Мы заказали кофе — латте для меня, эспрессо для него — и булочки с корицей, которые пахли так, что я почти забыла о своих тревогах. Ник рассказывал о своей работе, о том, как однажды чуть не уронил лестницу на клиента, и я смеялась, искренне, впервые за неделю. Я поделилась историей о Мии, и он смеялся так заразительно, что я поймала себя на том, что улыбаюсь, не заставляя себя.
«Мия — настоящая звезда», — сказал он, отпивая кофе. — «Ты, должно быть, гордишься ею».
«Очень», — ответила я, чувствуя тепло в груди. — «Она мой свет. Иногда мне кажется, что она держит меня, а не наоборот».
Ник кивнул, его взгляд стал серьёзнее. «Это заметно. Ты делаешь для неё всё. Но, знаешь, ты заслуживаешь и для себя что-то хорошее».
Его слова задели что-то глубоко внутри, и я отвела взгляд, теребя салфетку. Я хотела верить ему, хотела позволить себе это тепло, эту лёгкость. Но записки, разбитая чашка, слова Сары о моём стрессе — они были как тени, которые следовали за мной. «Спасибо», — сказала я тихо. — «Я пытаюсь».
Мы проговорили ещё час, и я узнала, что он любит старые виниловые пластинки, ненавидит бегать, но делает это ради племянника, и мечтает однажды съездить в Исландию. Я рассказала о своих уроках литературы, о том, как дети пишут смешные эссе, и о том, как я когда-то хотела стать писательницей. Разговор был как танец — лёгкий, естественный, и я не хотела, чтобы он заканчивался.
Когда мы вышли из кафе, ночь была холодной, но звёзды сияли ярко над Мейпл-Лейн. Ник проводил меня до машины, и на секунду мне показалось, что он хочет сказать что-то ещё, но он просто улыбнулся. «Это было здорово, Елена», — сказал он. — «Можно повторить? Может, на следующей неделе?»
«Я бы хотела», — ответила я, и это было правдой.

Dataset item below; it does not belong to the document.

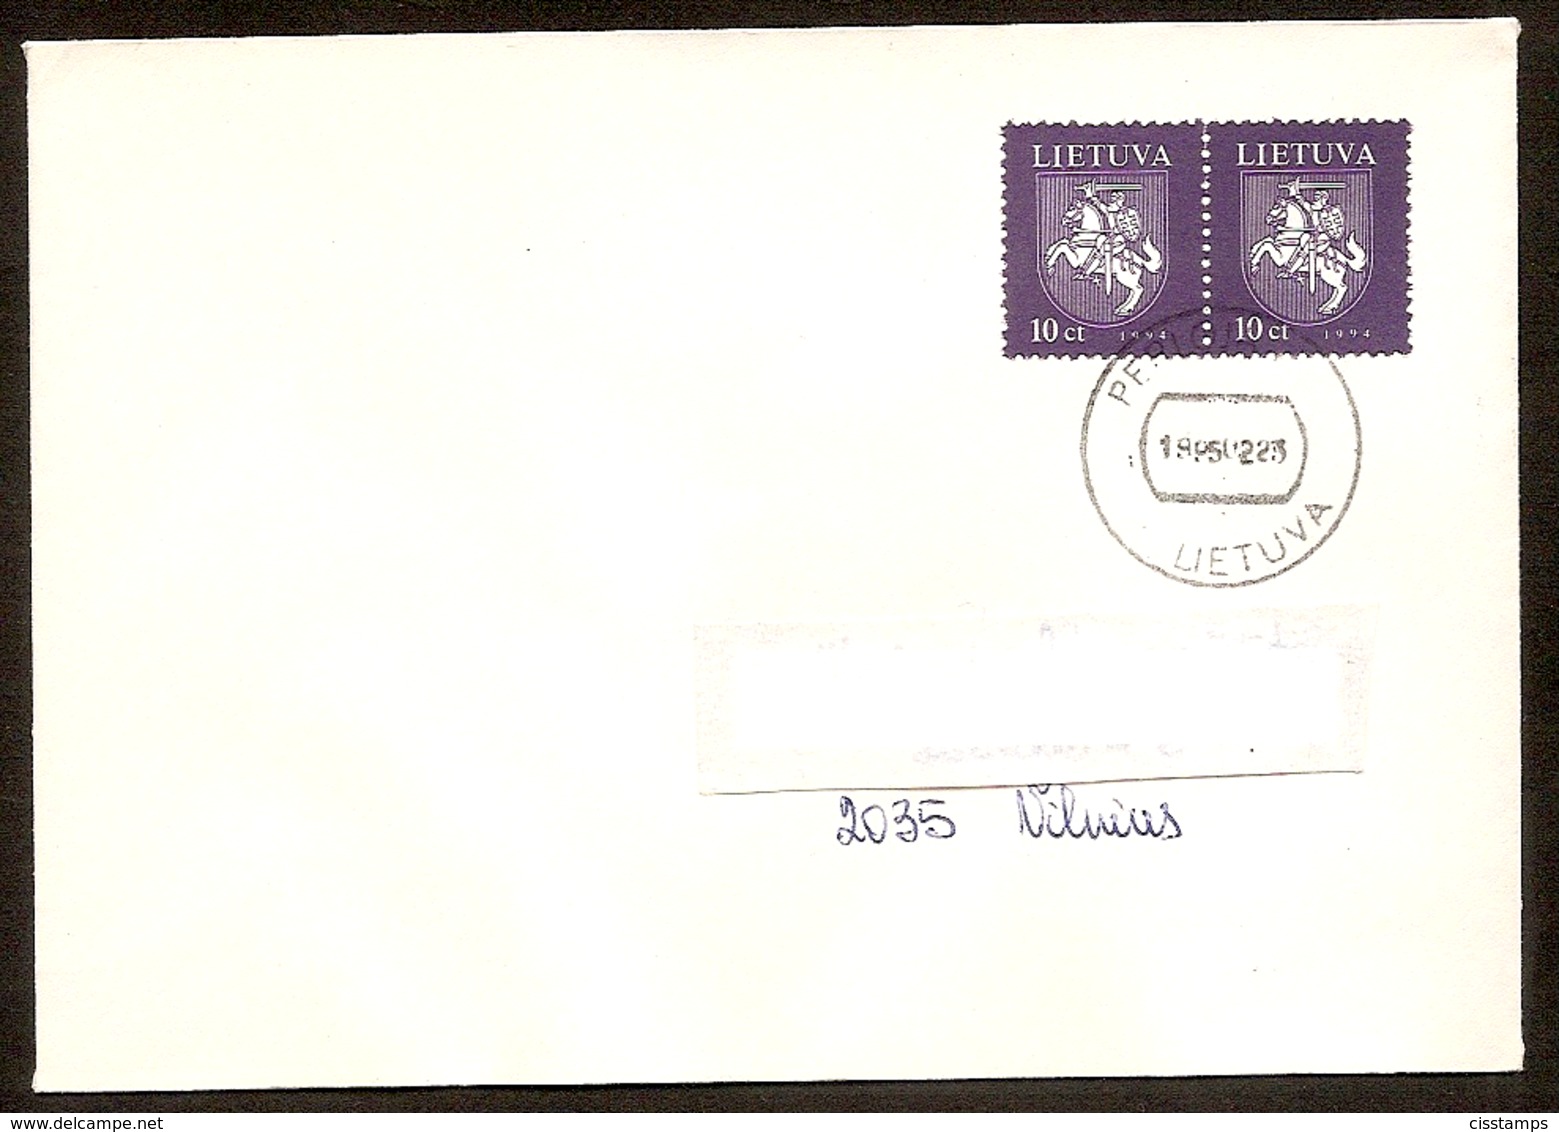 LITHUANIA / LITAUEN 1994 Definitive Horseman / Reiter /Mi554 (first Printing) Letter Posted In LIT From PERLOJA - Lithuania

Я села в машину, махнув ему на прощание, и поехала домой, чувствуя, как улыбка всё ещё греет лицо. Ник был как глоток свежего воздуха, и я хотела держаться за это чувство.
Когда я вернулась домой, миссис Кларк уже уложила Мию спать. Я поблагодарила её, заперла дверь и поднялась наверх, чтобы проверить дочку. Мия спала, обнимая своего кролика, её кудри разметались по подушке. Я поправила одеяло, поцеловала её в лоб и вышла, чувствуя, как тепло от её дыхания остаётся со мной.
Я спустилась в ванную, чтобы сделать уход за лицом — мой маленький ритуал, который помогал мне чувствовать себя собранной. Я нанесла очищающую пенку, массируя кожу, и включила тихую музыку на телефоне — что-то мягкое, с пианино. Мысли о Нике, о его смехе, о его взгляде всё ещё кружились в голове, и я улыбнулась своему отражению в зеркале. Может, я могла быть счастливой. Может, я могла двигаться вперёд.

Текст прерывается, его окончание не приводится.